=== Problem ===
In the listing that follows, the lines starting at the one containing "Meet Jake Paul's" and ending at the one containing "Image used with" are to be returned exactly, both boundary lines included, and no others.

=== Listed entries ===
::::::
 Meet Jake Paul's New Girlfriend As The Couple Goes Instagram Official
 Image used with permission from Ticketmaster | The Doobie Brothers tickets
::::::
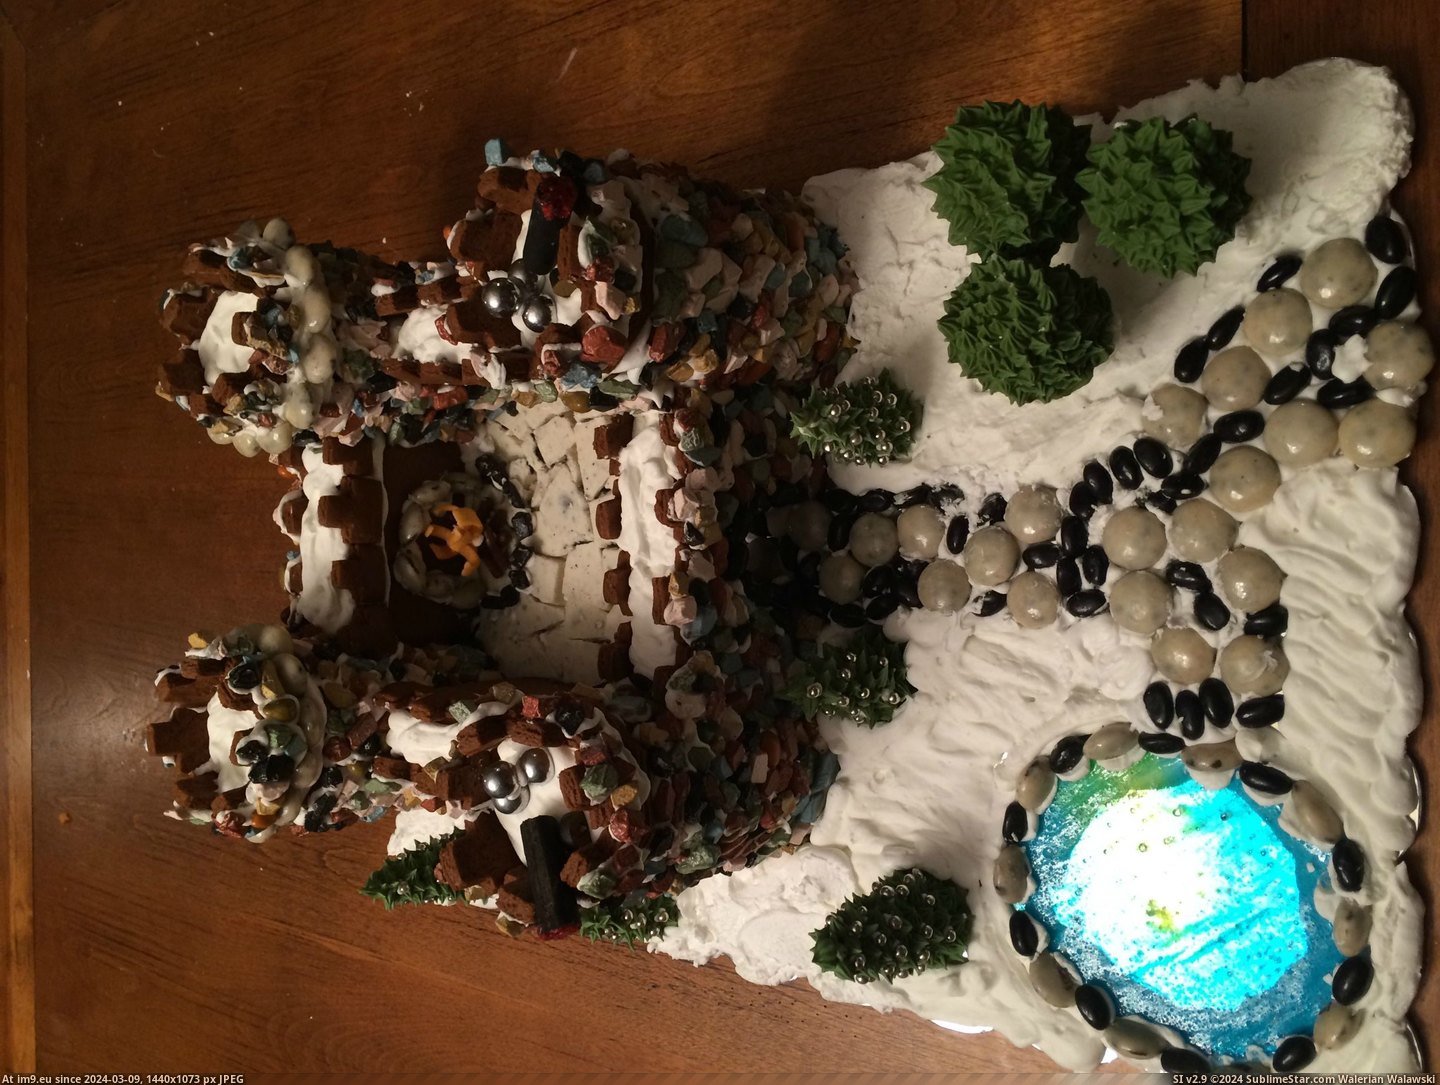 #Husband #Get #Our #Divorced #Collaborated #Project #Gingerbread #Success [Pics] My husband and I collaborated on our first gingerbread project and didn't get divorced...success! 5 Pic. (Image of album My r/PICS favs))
::::::
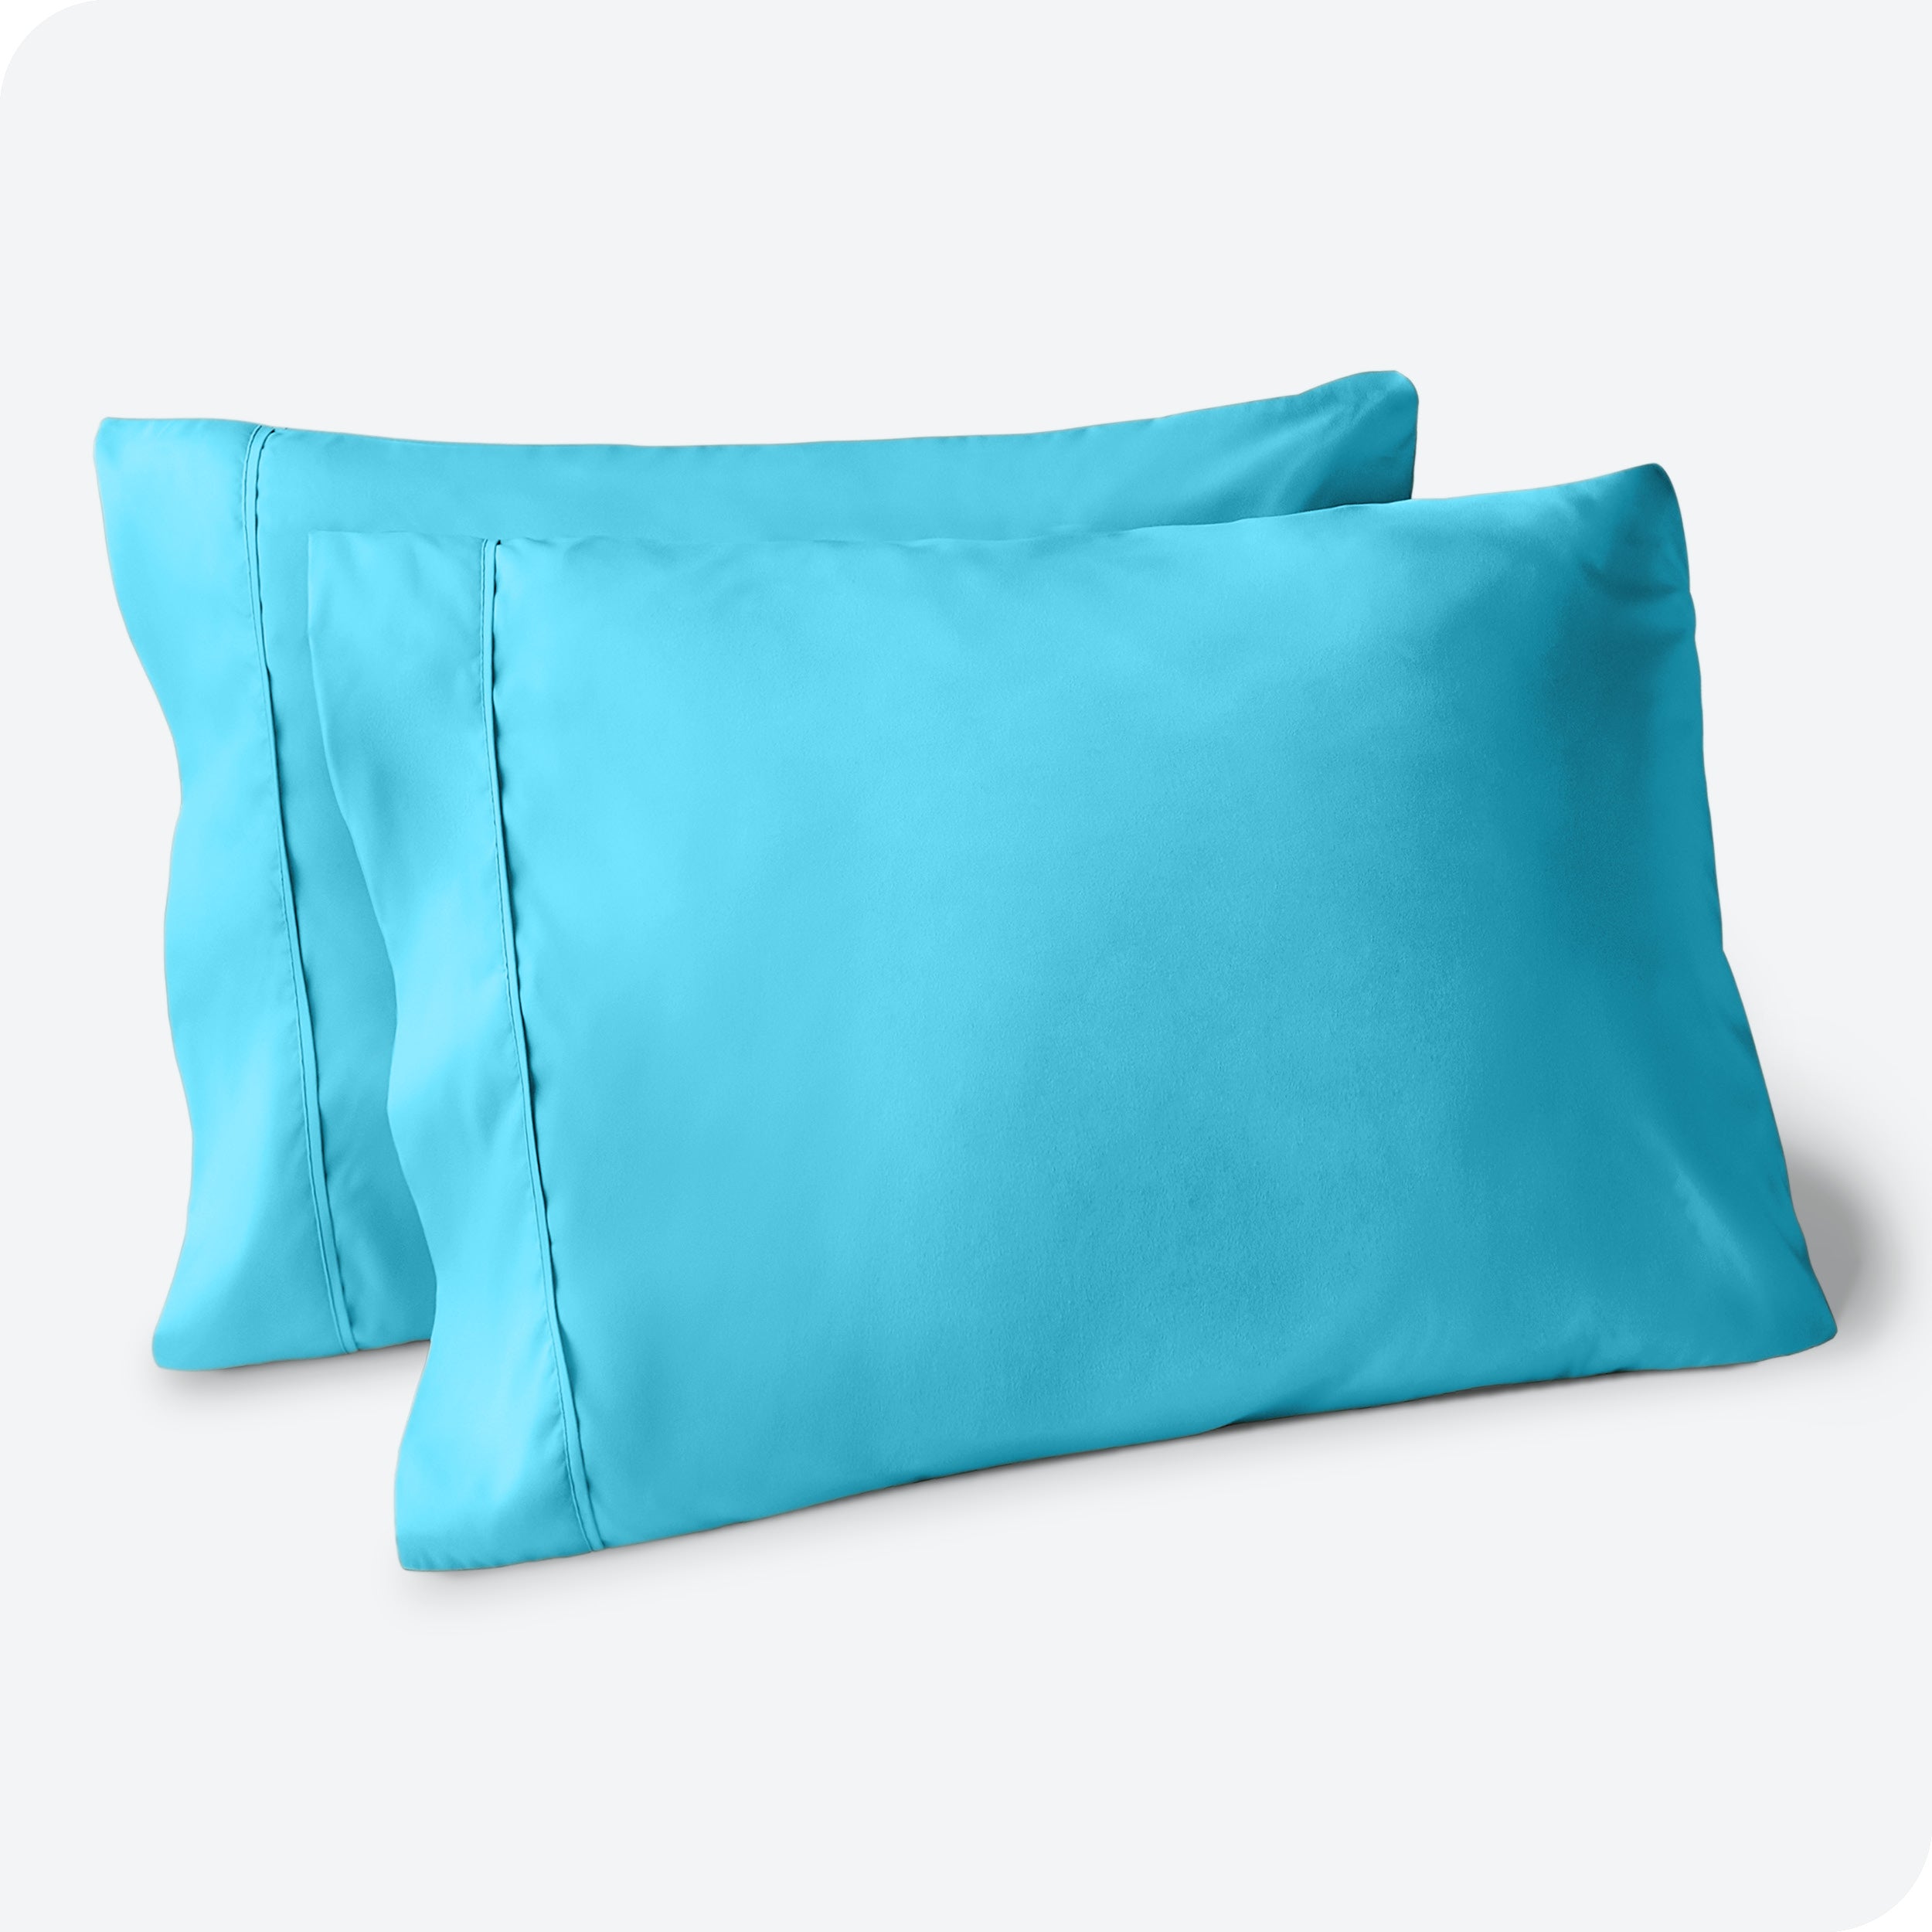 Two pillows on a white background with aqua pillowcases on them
::::::
=== Expected answer ===
 Meet Jake Paul's New Girlfriend As The Couple Goes Instagram Official
 Image used with permission from Ticketmaster | The Doobie Brothers tickets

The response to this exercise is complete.